There is a new twist to our
Cloudflare problem:
That’s the message which will be seen when security-conscious users try to visit the Bitcoin Forum whilst using a new
anti-MITM Firefox add-on by “cypherpunks”. (It also works on Tor Browser—as you can see.) A whitelist function is available. I will henceforth be surfing with that; based on what he’s said, theymos may appreciate the suggestion to do likewise.
I noticed that theymos’ well-said complaint about Cloudflare is quoted in the sidebar of the extension’s homepage. Hmmm.

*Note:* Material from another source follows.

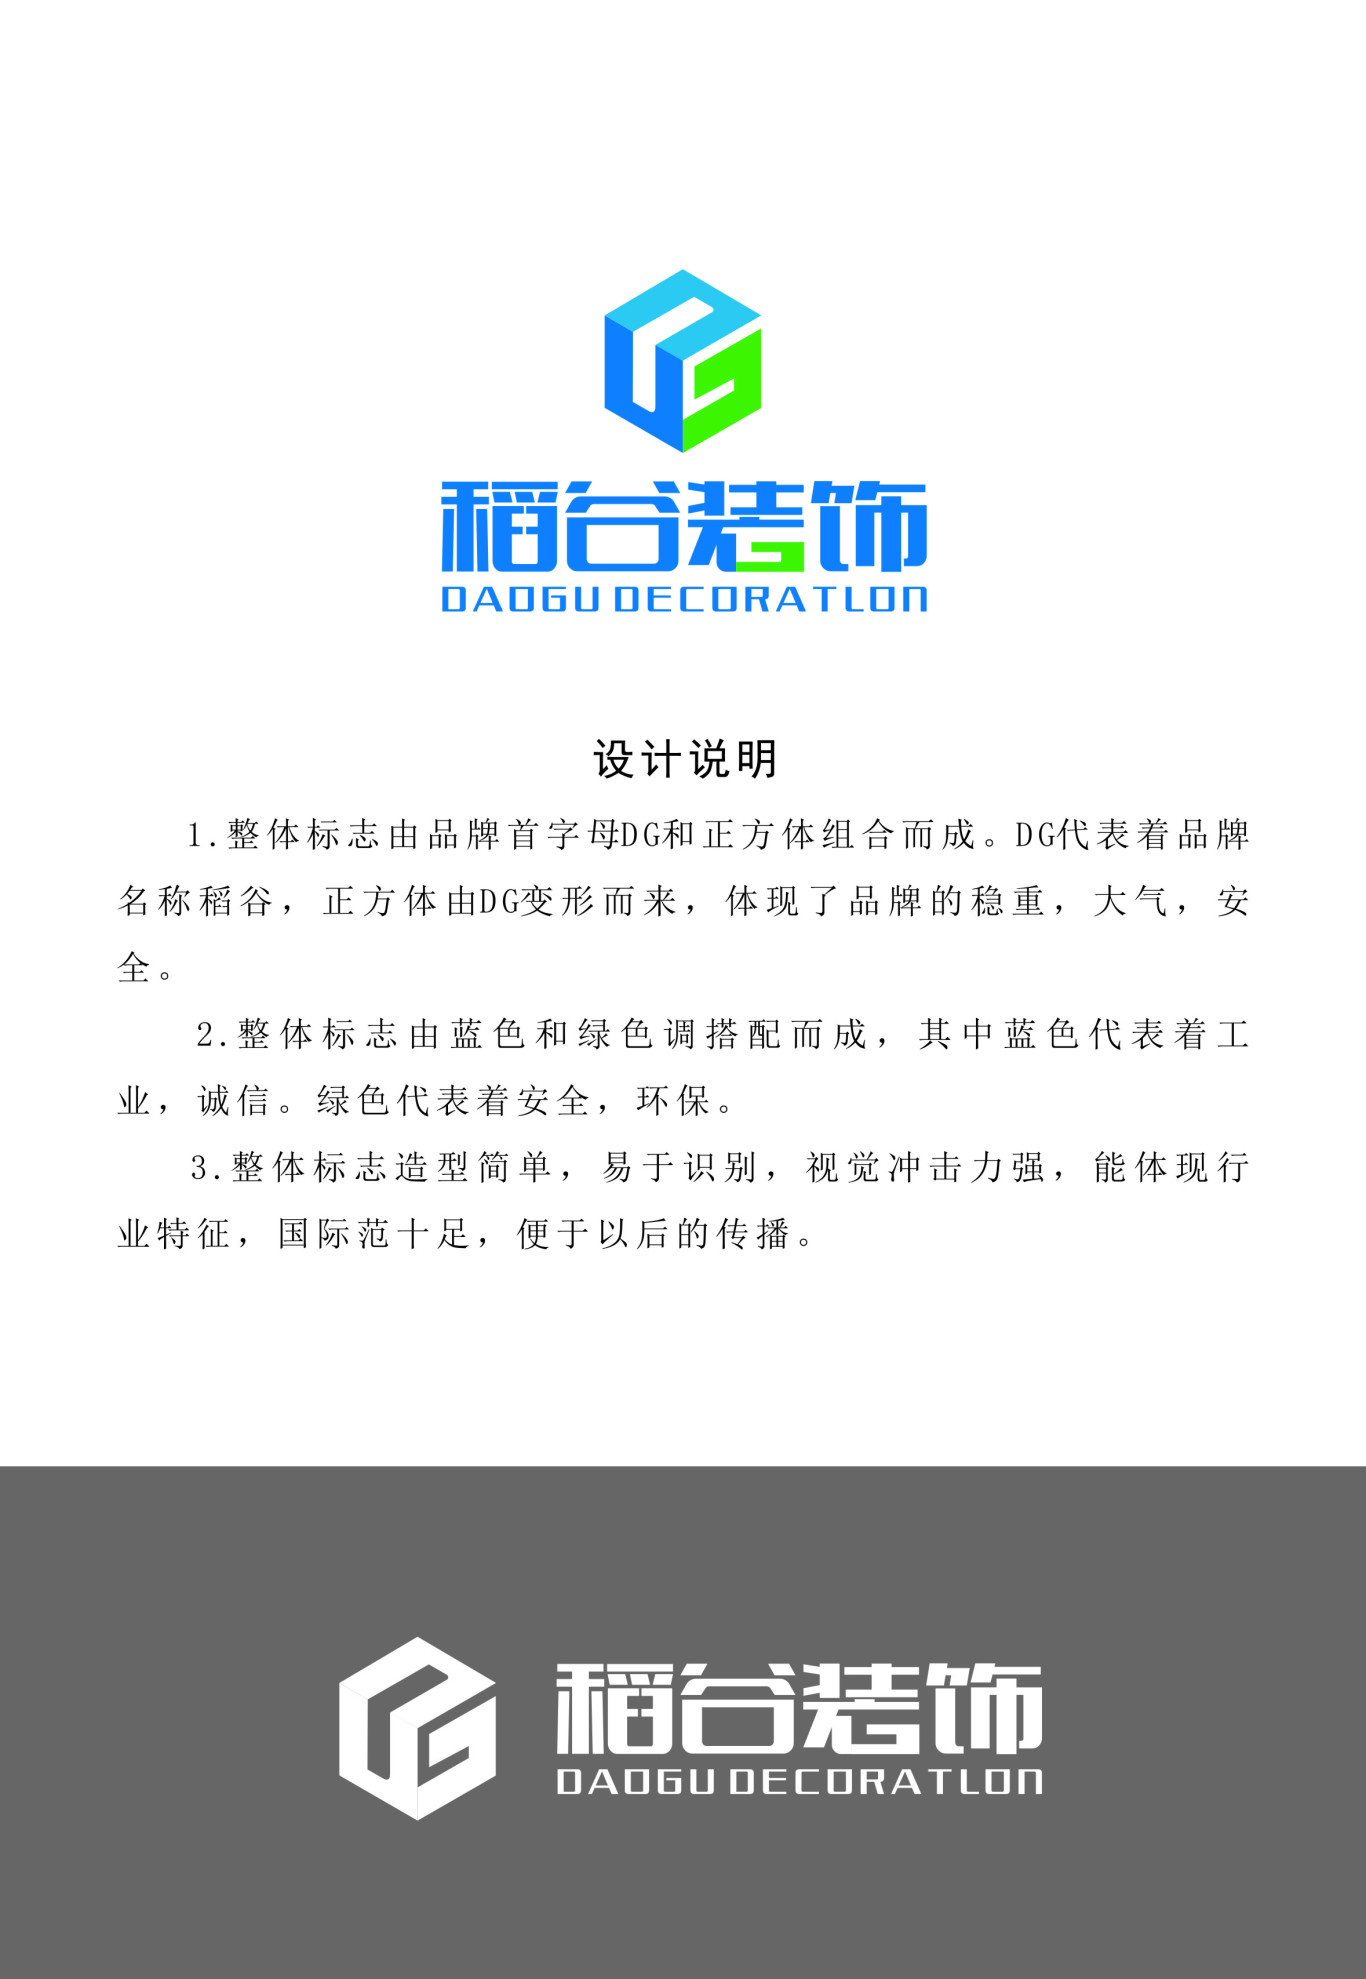 深圳市稻谷装饰设计工程有限公司logo设计图1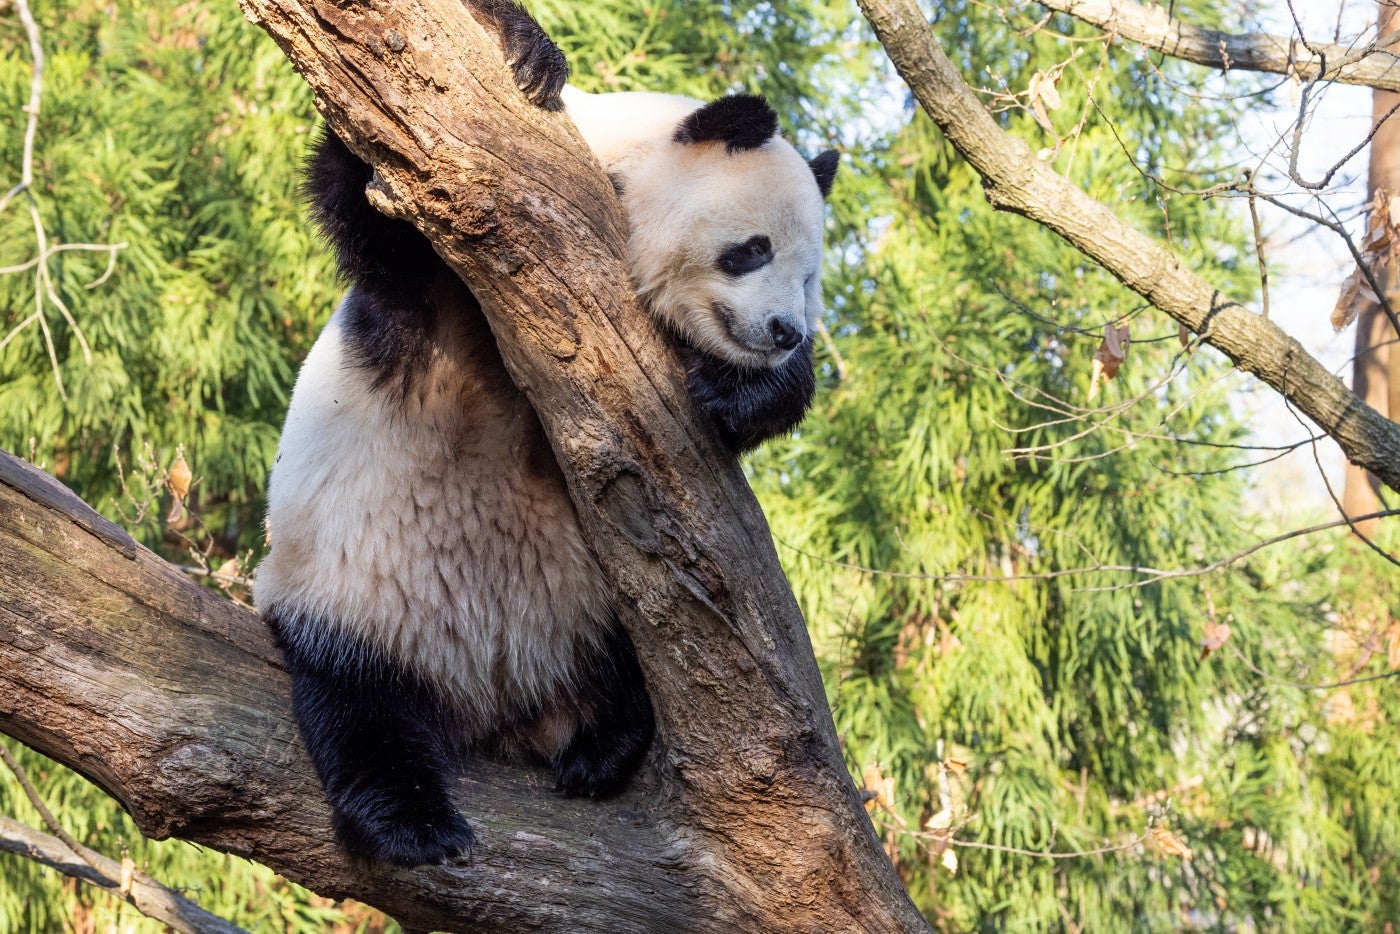 Giant panda Tian Tian rests in a tree in his outdoor habitat.

The Internet is seriously flawed if everyone needs to huddle behind these huge centralized anti-DDoS companies in order to survive...
See also
Tor Bug #18361,
Tor Browser Bug #24351 (reported by me),
Debian Bug #831835,
Firefox Focus (mobile) Issue #1743,
Mozilla Bug #1426618, and likely others. People are beginning to wake up and realize exactly this:
[...] a man-in-the-middle in your HTTPS [...]
I especially dislike Cloudflare, which I'm almost certain is basically owned by US intelligence agencies. [...]
The security implications are that Cloudflare can read everything you send to or receive from the server, including your cleartext password and any PMs you send or look at.